You are viewing a plain text version of this content. The canonical link for it is here.
Posted to user@nutch.apache.org by Madhulika Mitruka <ma...@gmail.com> on 2016/09/02 10:47:51 UTC

Nutch 2.3.1 with Solr 4.10.3 as Gora Backend | Failing

Hi,

I am trying to setup Nutch 2.3.1 with Solr 4.10.3 as apache gora backend. I
am running Nutch in Local mode.
I have installed Nutch and Solr and when I run Nutch with seed urls list I
get the following exception :

--------------*** -------------------
2016-09-02 03:19:55,057 WARN  mapreduce.GoraRecordWriter - Exception at
GoraRecordWriter.class while writing to datastore: Not in union
["null","string"]: java.nio.HeapByteBuffer[pos=0 lim=4 cap=4]
2016-09-02 03:19:55,058 WARN  mapreduce.GoraRecordWriter - Trace:
org.apache.avro.generic.GenericData.resolveUnion(GenericData.java:600)
2016-09-02 03:19:55,060 WARN  mapred.LocalJobRunner -
job_local2021213666_0001
java.lang.Exception: java.lang.RuntimeException:
org.apache.avro.UnresolvedUnionException: Not in union ["null","string"]:
java.nio.HeapByteBuffer[pos=0 lim=4 cap=4]
        at
org.apache.hadoop.mapred.LocalJobRunner$Job.runTasks(LocalJobRunner.java:462)
        at
org.apache.hadoop.mapred.LocalJobRunner$Job.run(LocalJobRunner.java:522)
Caused by: java.lang.RuntimeException:
org.apache.avro.UnresolvedUnionException: Not in union ["null","string"]:
java.nio.HeapByteBuffer[pos=0 lim=4 cap=4]
        at
org.apache.gora.mapreduce.GoraRecordWriter.write(GoraRecordWriter.java:76)
        at
org.apache.hadoop.mapred.MapTask$NewDirectOutputCollector.write(MapTask.java:635)

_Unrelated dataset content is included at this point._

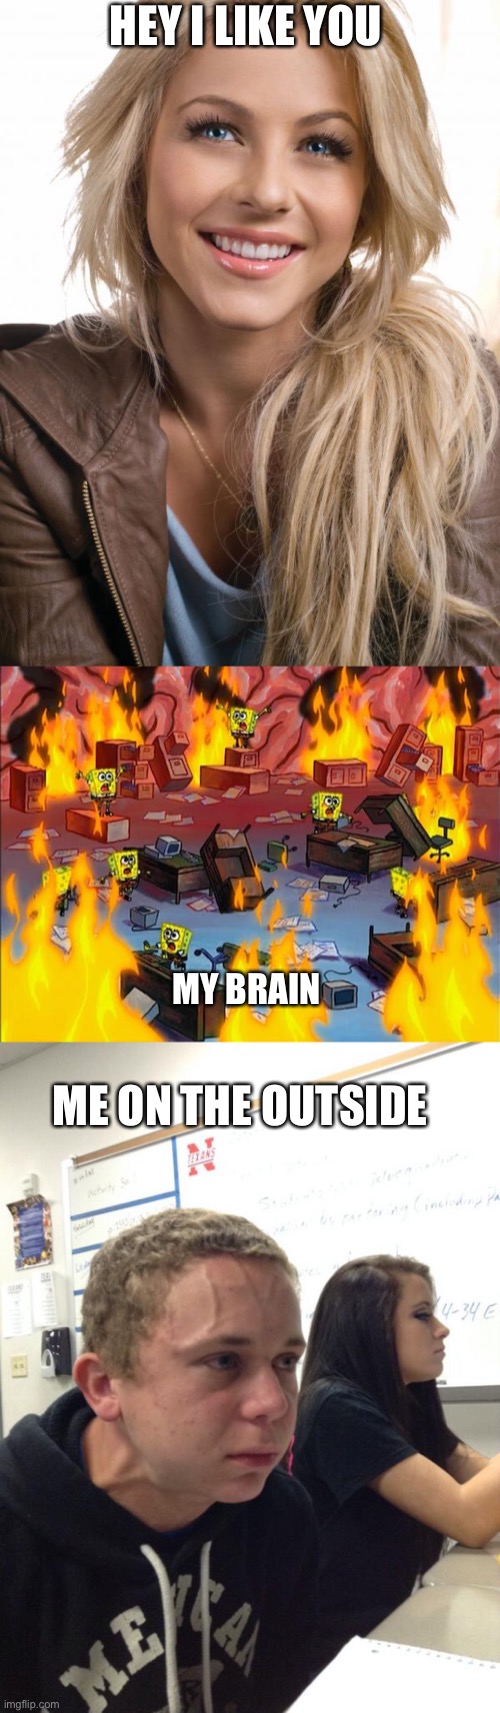 HEY I LIKE YOU; MY BRAIN; ME ON THE OUTSIDE | image tagged in memes,oblivious hot girl,spongebob fire,hold fart | made w/ Imgflip meme maker
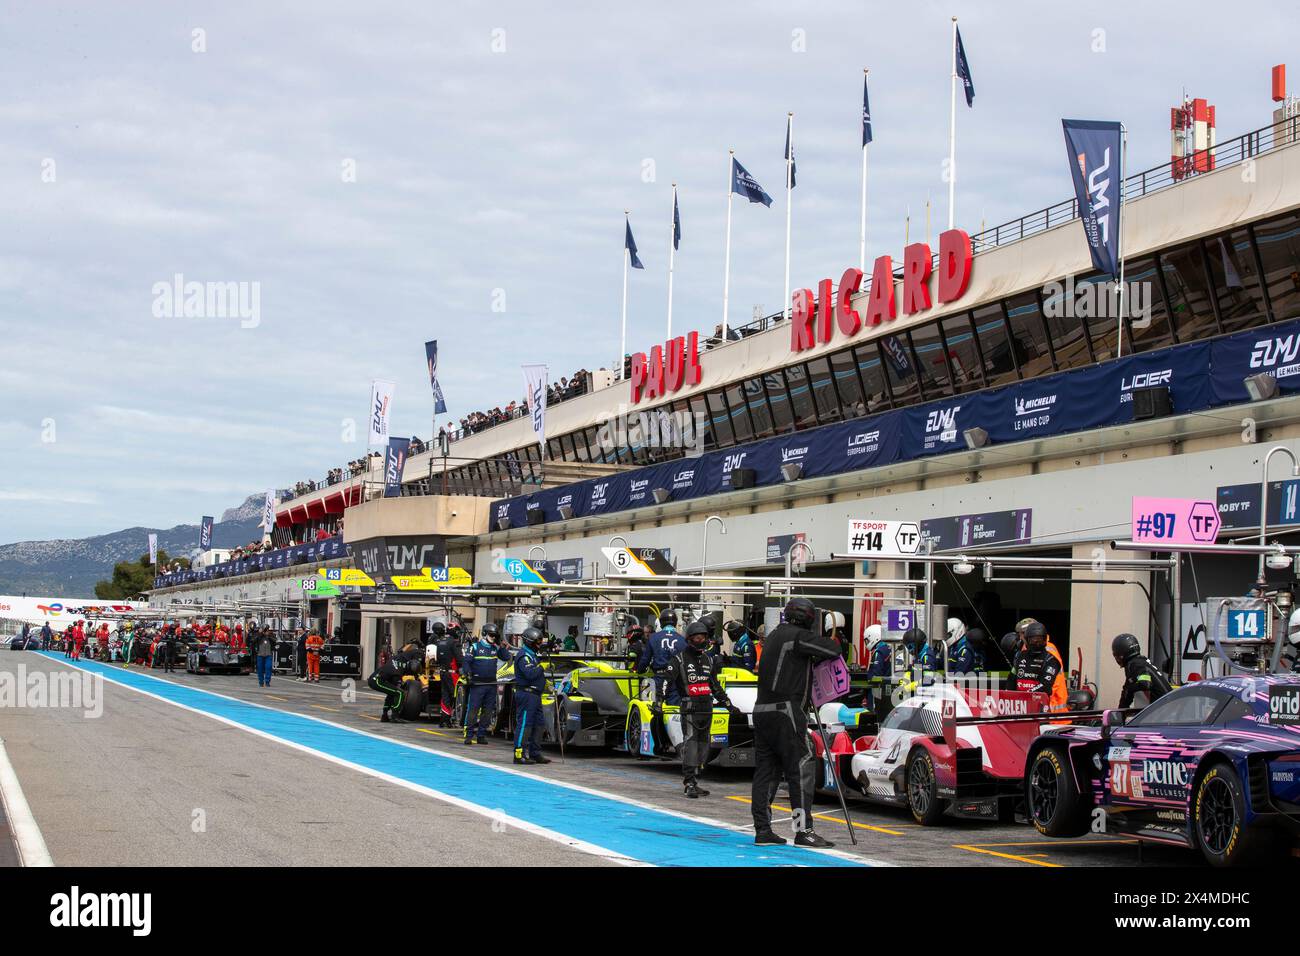 Le Castellet, France, 4 May 2024, pitlane at the start of free practice 2 during the 4 Hours of Le Castellet, second race of the 2024 European Le Mans Series (ELMS) at Circuit Paul Ricard from May 02 to 05, 2024 in Le Castellet, France - Photo Laurent Cartalade/MPS Agency Credit MPS Agency/Alamy Live News Stock Photo

---------*** ---------------

I assume this is happening because the data type being passed is a
ByteBuffer whereas it should either be "null" or "string". Has someone seen
similar issue ?

My setup details quickly :

NUTCH :

1) Nutch is running from /nutch/apache-nutch-2.3.1/runtime/local/
2) I have updated
/nutch/apache-nutch-2.3.1/runtime/local/conf/gora.properties  :

gora.datastore.default=org.apache.gora.solr.store.SolrStore
gora.solrstore.solr.url=http://localhost:8983/solr
gora.solrstore.solr.config=solrconfig.xml
gora.solrstore.solr.schema=gora-solr-webpage-schema.xml  (This is based on
suggestion :
http://grokbase.com/t/nutch/user/164n8srqjy/solr-as-backend-in-nutch-2-3-1 )
gora.solrstore.solr.batchSize=100
gora.solrstore.solr.solrjserver=http
gora.solrstore.solr.commitWithin=1000
gora.solrstore.solr.resultsSize=100

SOLR :

1) My Solr deployment has a core called 'webpage'
: /solr/solr-4.10.3/example/solr/webpage
2) I have *copied
*/nutch/apache-nutch-2.3.1/runtime/local/conf/*gora-solr-webpage-schema.xml
as 'schema.xml'* to the conf folder of this core .
[This was after I was getting similar exception by using schema.xml that
comes with nutch distribution and after reading it here :
http://grokbase.com/t/nutch/user/164n8srqjy/solr-as-backend-in-nutch-2-3-1 ]

Can someone please give pointers on the mistake I am making.

Thanks
Madhulika